The envelope is defined as the set of points for which

$\frac { \partial }{ \partial k } F(x,y,k)=F(x,y,k)=0.$

The intersection between $F(x,y,k)$ and $F(x,y,k+n)$ is given by

$\begin{aligned} F(x,y,k)&=F(x,y,k+n)=0\\ \Rightarrow F(x,y,k)&=\frac{F(x,y,k+n)-F(x,y,k)}{n}. \end{aligned}$

Limiting $n$ to 0 gives the definition above.

## Find the area under which a ladder of length 1 occupies while sliding down a wall.
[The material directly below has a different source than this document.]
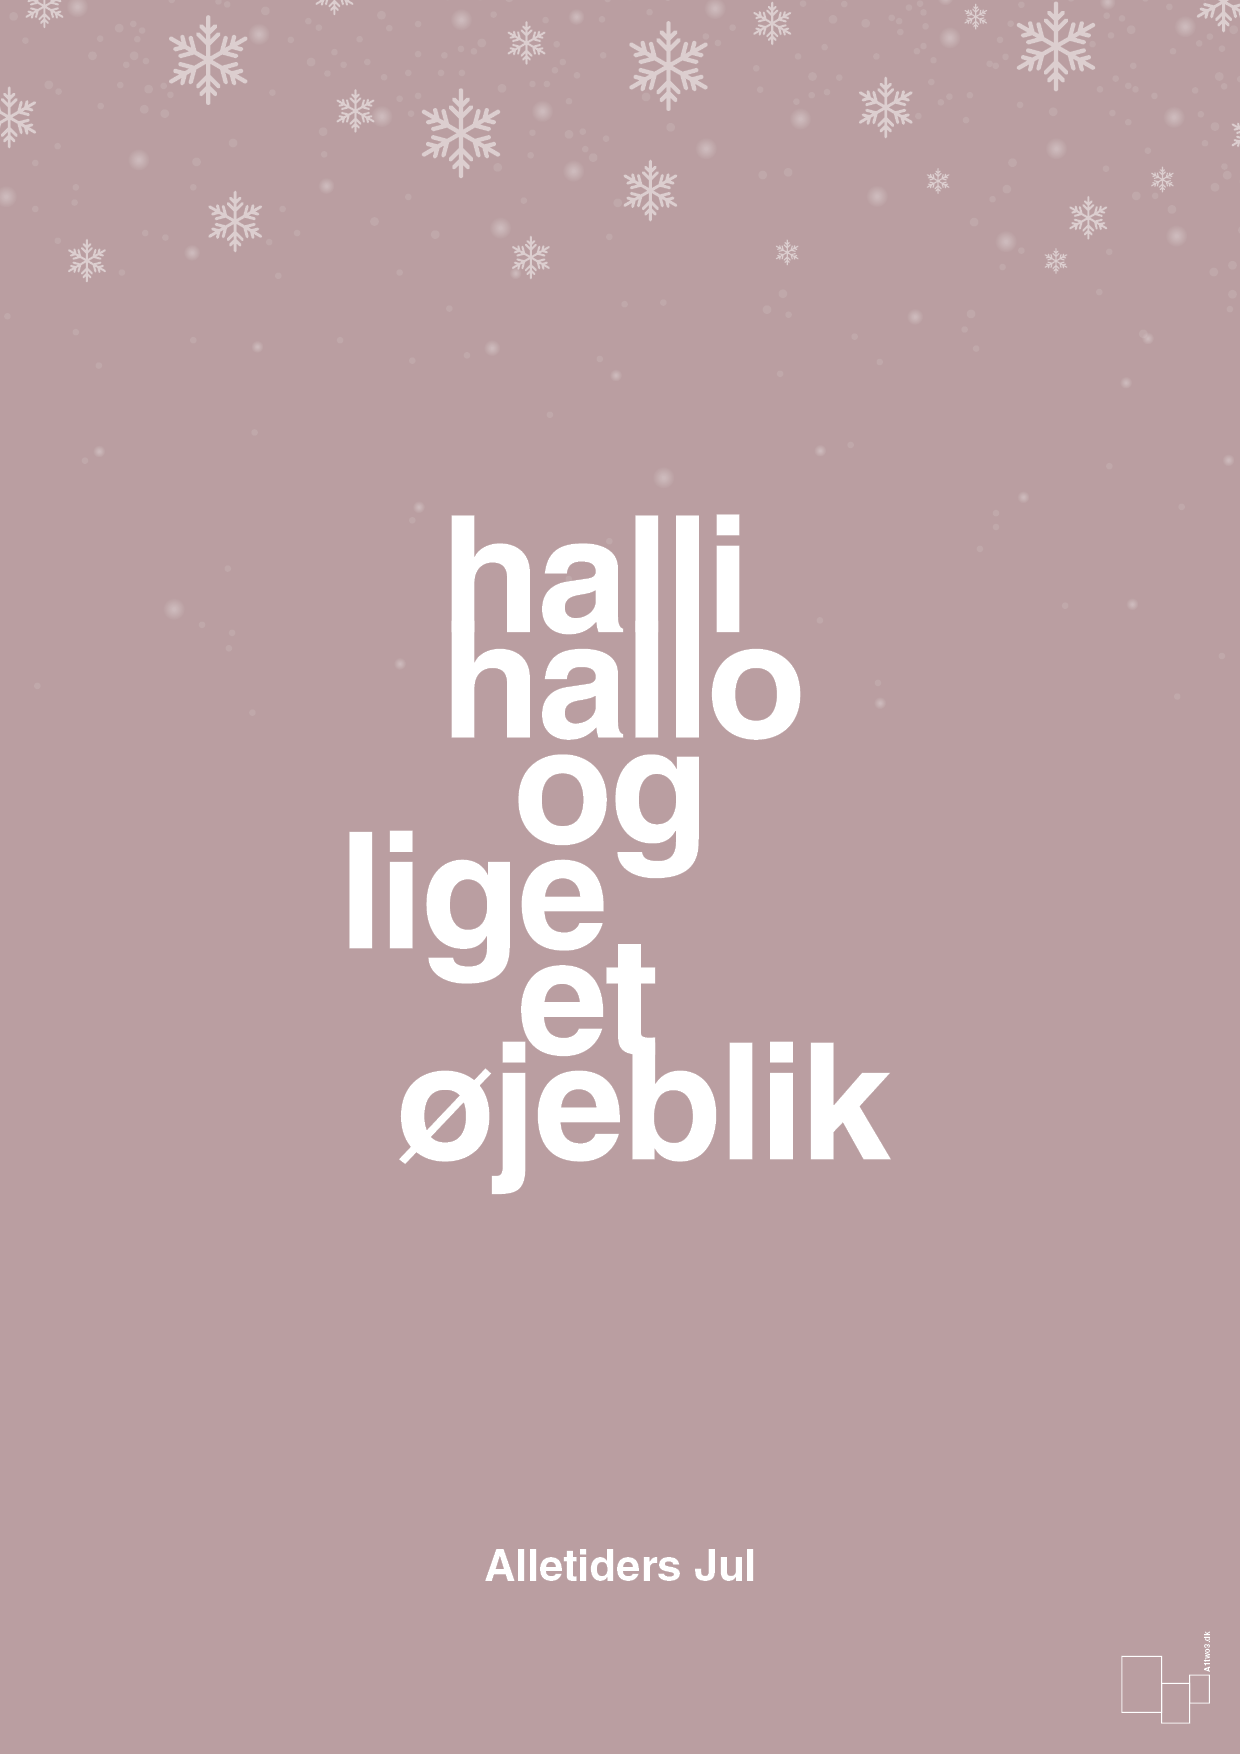 halli hallo og lige et øjeblik - Plakat med Begivenheder i Light Rose

Our first step is to define $F(x,y,k)$, which in this case models the behavior of the ladder.

The red line between the $y$-axis and the $x$-axis represents the ladder:

$\begin{aligned} F(x,y,k) &=-\frac{\sqrt{1-k^2}}{k}x+\sqrt{1-k^2}-y\\ &=0 \\ \frac { \partial }{ \partial k } F(x,y,k) &=\frac{x-k^3}{k^2\sqrt{1-k^2}}\\ &=0. \end{aligned}$

Solving the above equations, we get the envelope in parametric form as

$\left(k^3,\left(1-k^2\right)\sqrt{1-k^2}\right).$